SAN FRANCISCO (KPIX 5) -- Scientists met at an ocean summit in San Francisco Thursday morning to discuss the effects of climate change on marine habitats in the region.

Their discussions may shed some light on why so many gray whales have been dying in San Francisco Bay lately.

The fifth annual Ocean Climate Summit didn't address whales directly, but if one point was made at the conference, it is that everything is connected and being affected by the waters getting warmer.

Dr. Cynthia Catton, who works for the California Department of Fish and Wildlife, told a shocked audience that 90 percent of the kelp north of SF Bay has already disappeared.

"You know, 10 years ago it seemed like climate change was maybe a bit abstract and we were thinking about, 'How would we respond to this?' Now we have very tangible examples," unfortunately, Dr. Catton said.

One of those examples is what's happening to the gray whales. Seven have died inside San Francisco Bay since March, most from malnutrition. Mary Jane Schramm with the Greater Farallones National Marine Sactuary says it's not a good sign that they're coming into the bay at all.

"For a lot of them it's an act of desperation," said Schramm. "They're desperate for food."

Gray whales normally only eat during the three months they spend in the Arctic. They feed on tiny creatures in the mud which are dependent on algae growing on the bottom of the floating ice cap.

"Now, since the polar ice cap has shrunk so much, that has eliminated the Gray Whale's food supply," Schramm told KPIX 5. "They don't have enough energy reserves to make it alive back to their feeding grounds."

So they are literally starving before they can get home. Something similar happened in 1999-2000 when nearly a third of the world's gray whales died.

Those numbers have rebounded and the population is up again, but Schramm says as the ice melts and the food supply dwindles, it could lead to the beginning of another die-off.

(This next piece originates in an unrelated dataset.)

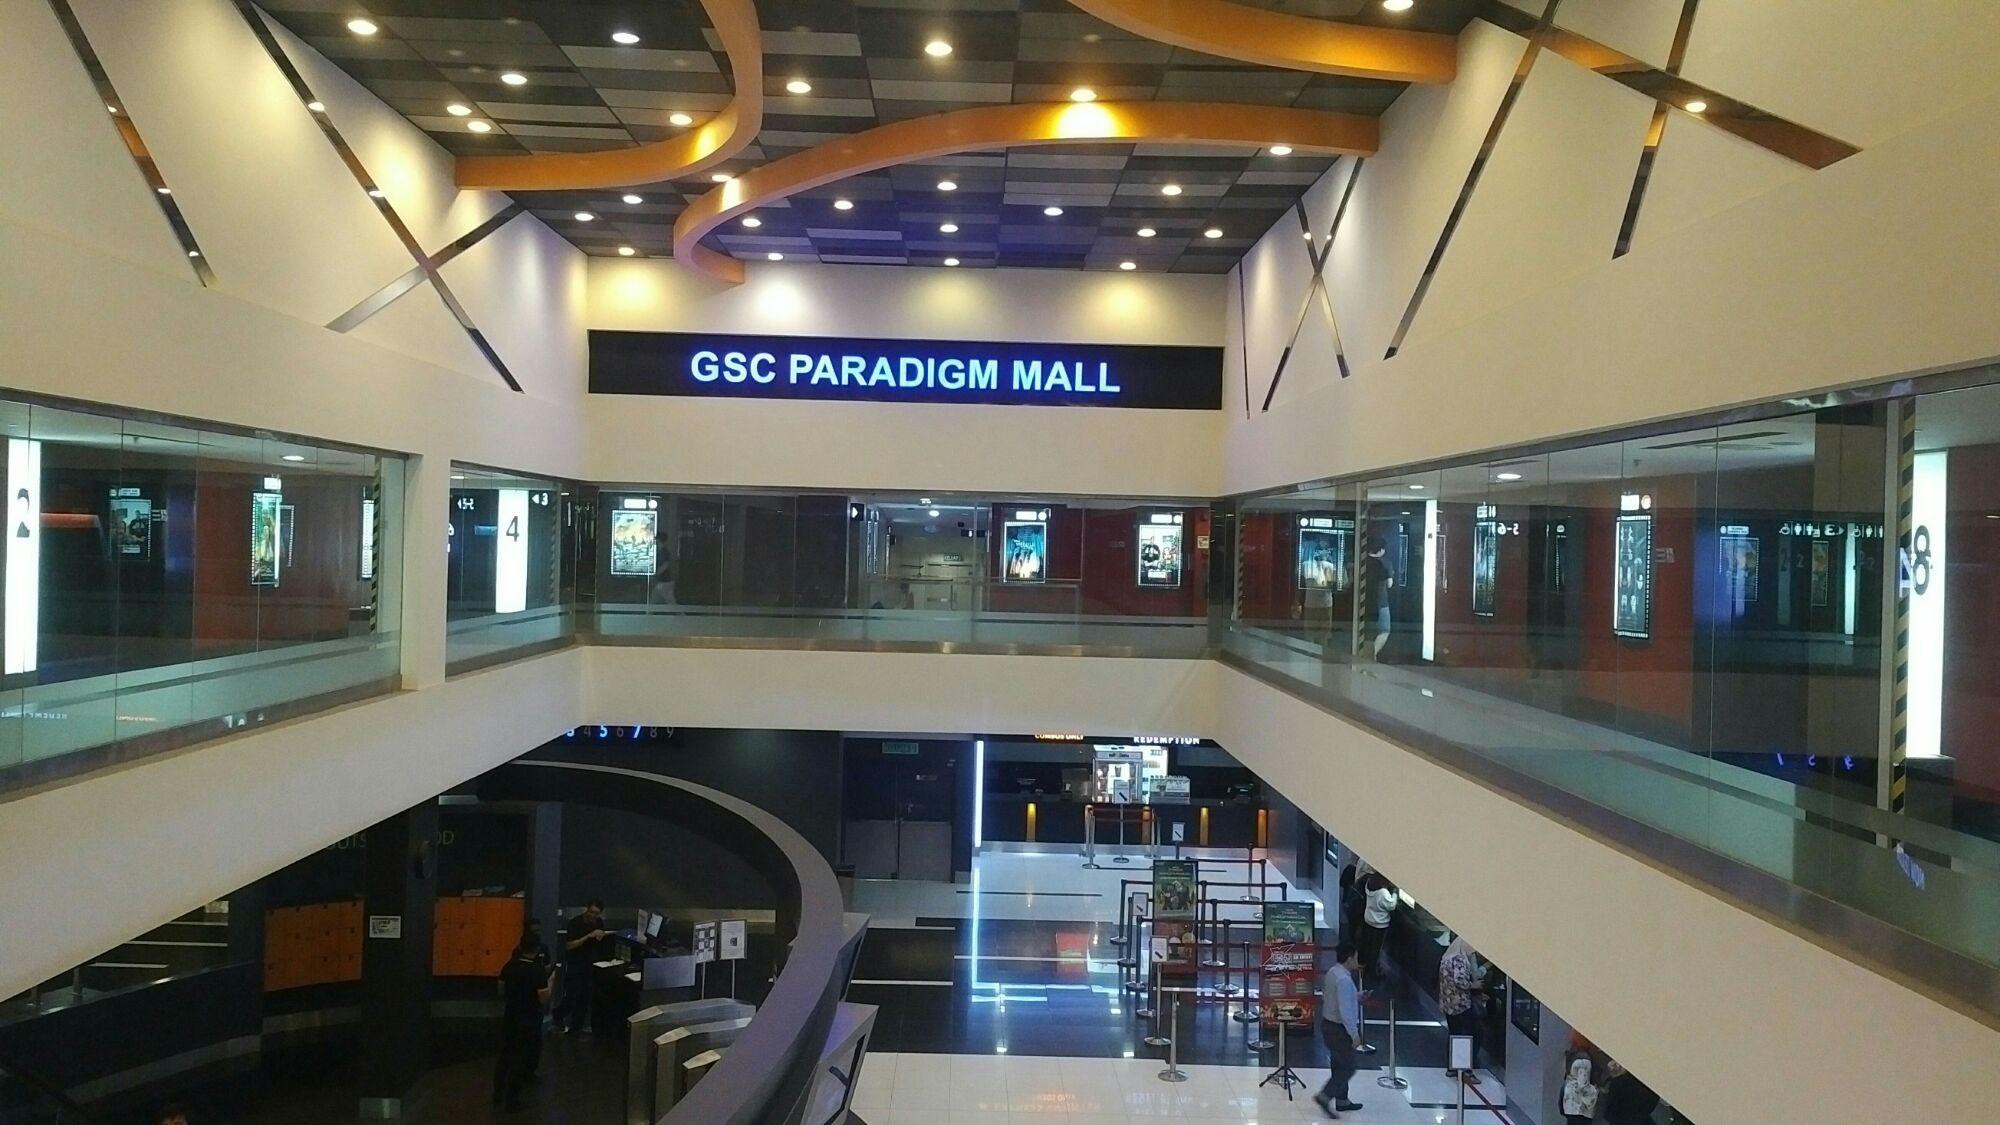 Gsc paradigm mall

"Now we know to expect them periodically, but it doesn't make it any less heartbreaking to see it," Schramm said.  "It may just be a reality that we live with."

The gray whale population is fairly healthy currently at about 21,000 in total.  But researchers say that this year, half of the whales reaching breeding grounds in Mexico appear to be undernourished.

The news is bleak, but scientists at the summit say it's important not to give up hope. Because when people give up hope, they give up trying. And scientists say there's a lot of work to do to keep things from getting worse.